研究紹介
(メディカル情報生命専攻・学生)
比嘉 黎(ひが れい)
メディカル情報生命専攻
病態医療科学分野 内丸研究室 修士2年
ATL細胞に特徴的なflower cell。核が花びらのような形をしています。 Blood (2010) 115 (9): 1668.
成人T細胞白血病リンパ腫(ATL)とは
成人T細胞白血病リンパ腫(以下、ATL)は、白血球の一種である「T細胞」ががん化する病気で、いわゆる血液のがんです。1977年に初めて報告されました。当時はまだ何が原因で発症するのかわからない病気でしたが、1981年にヒトT細胞白血病ウイルス(以下、HTLV-1)が原因ウイルスであることが報告されました。
ATLの不思議なところ
HTLV-1は赤ちゃんの時に母乳を介して感染することが報告されています。ATLの発症年齢は50~60歳ですが、発症するのは感染者のうち5%程度です。

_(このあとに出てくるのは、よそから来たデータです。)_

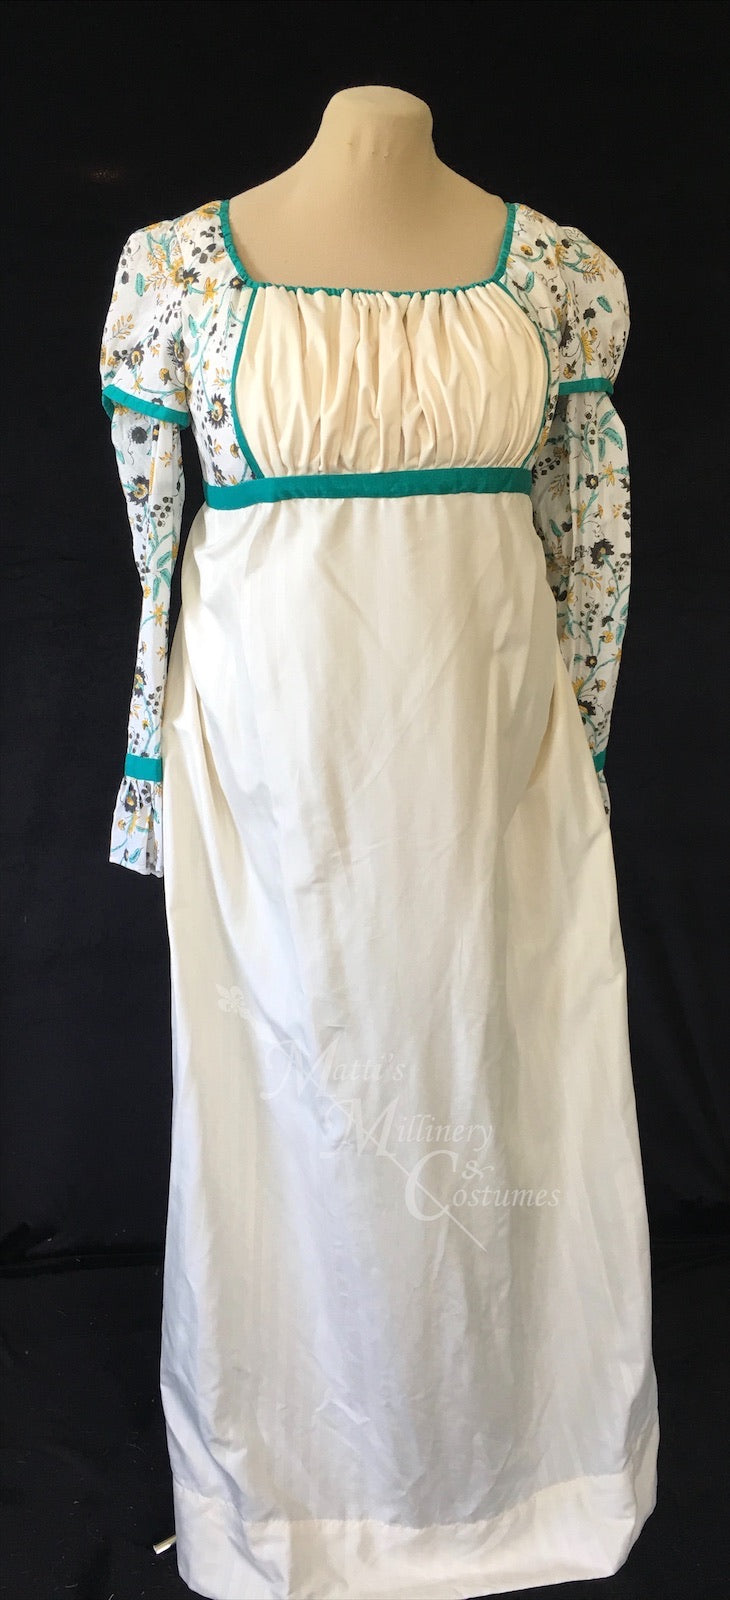 Teal Madeline Block Print Cotton Jane Austen Regency Day Dress Gown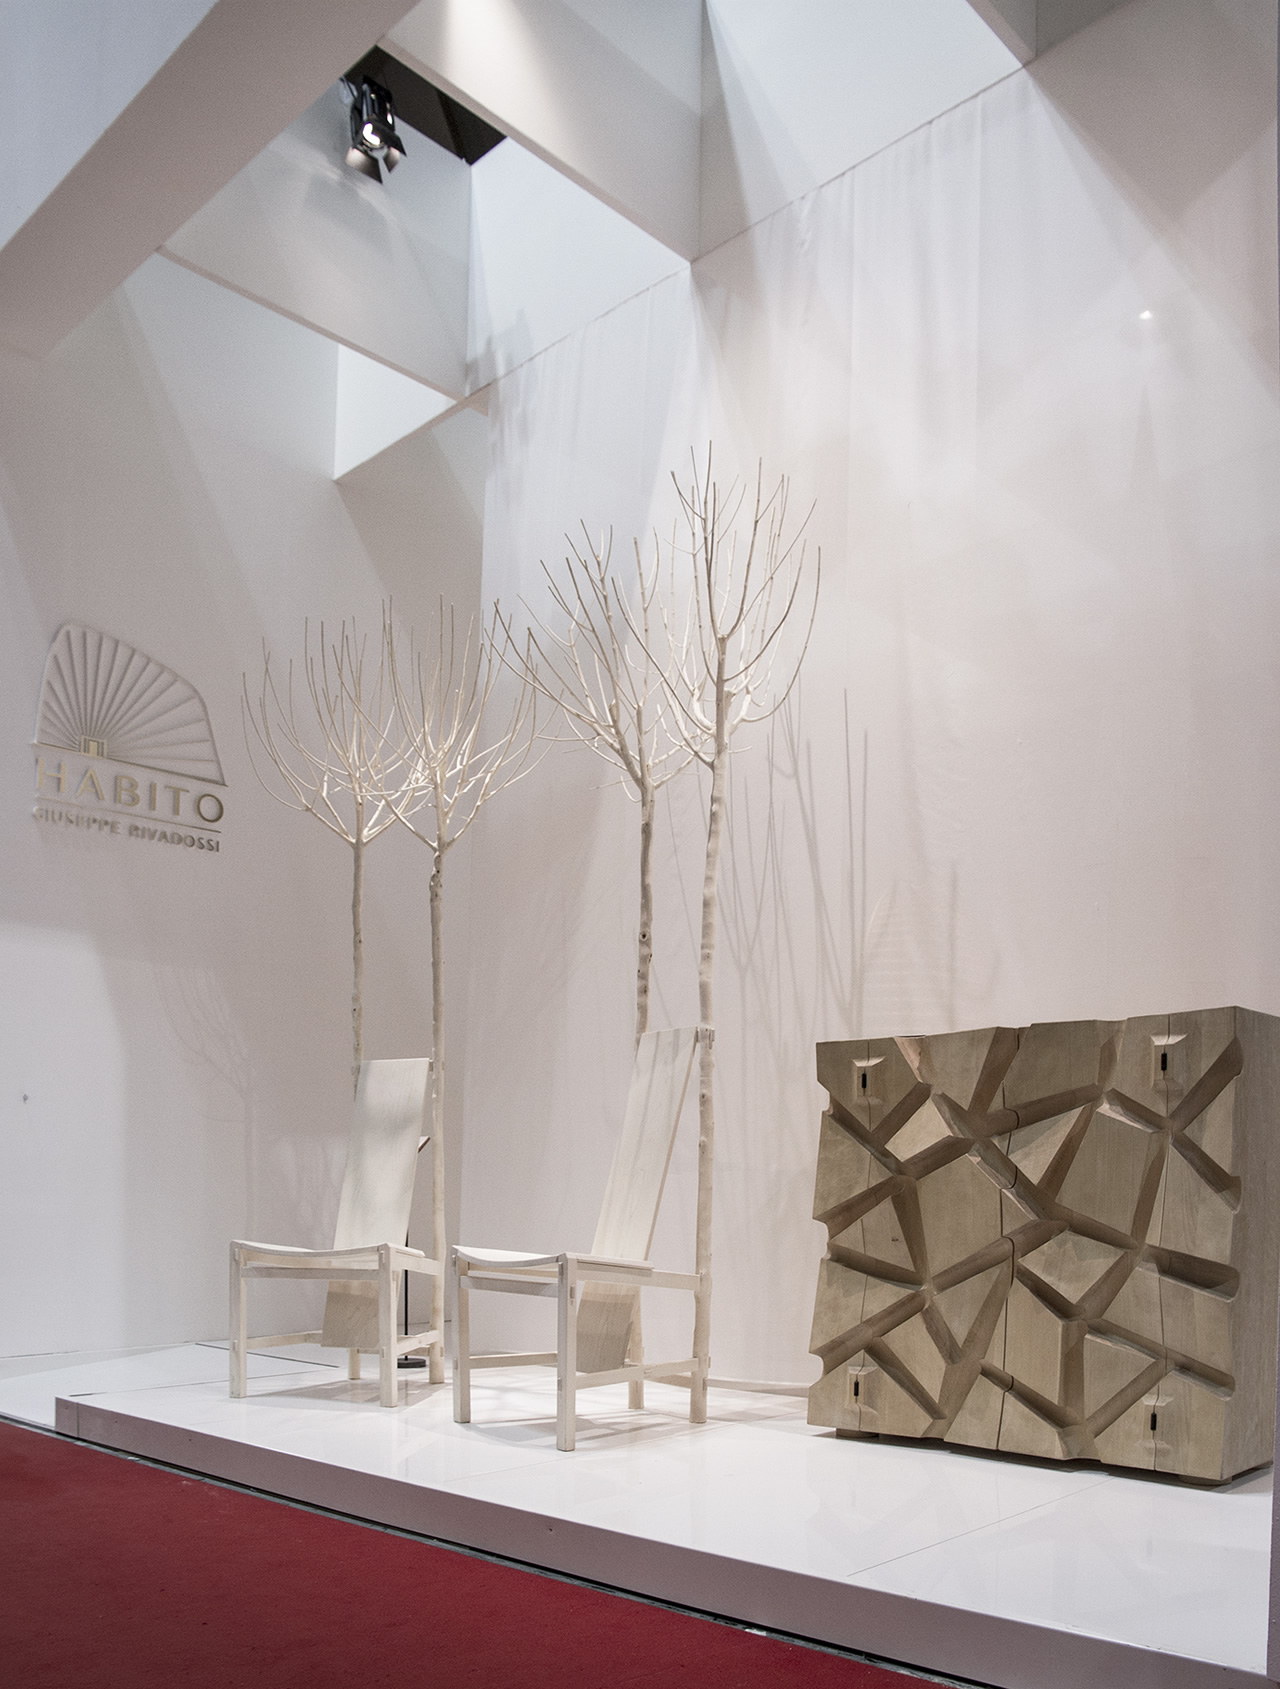 HABITO stand at the Milan Furniture Fair 2015

私がイメージしていた一般的なウイルスは、感染後すぐに風邪症状などを引き起こすものでした。HTLV-1を初めて知った時、無症状のまま数十年経った後、血液のがんを引き起こすことに驚きました。
では、なぜ数十年もの間気づかれずに、一部の人だけATLを発症してしまうのでしょうか?
なぜATLを発症するのか?
実は、この疑問は完全には明らかになっていません。
少しずつわかってきたことは、HTLV-1は感染していることが免疫システムにバレないようにHTLV-1自身の遺伝子を少しの時間だけ発現させたりしているようです。また、ゲノム解析技術の発達によってHTLV-1感染細胞では、たくさんの遺伝子変異が見つかりました。
私の研究
私は、ATLを発症する人がどのように発症していくのかを研究しています。ATLにはまだ有効な治療薬がありません。しかし、国内に100万人弱のHTLV-1感染者がいるので、よく効く治療薬あるいは発症しないようにする薬の開発が必要です。ATLで悲しむ人がいなくなるように、日々研究に取り組んでいます。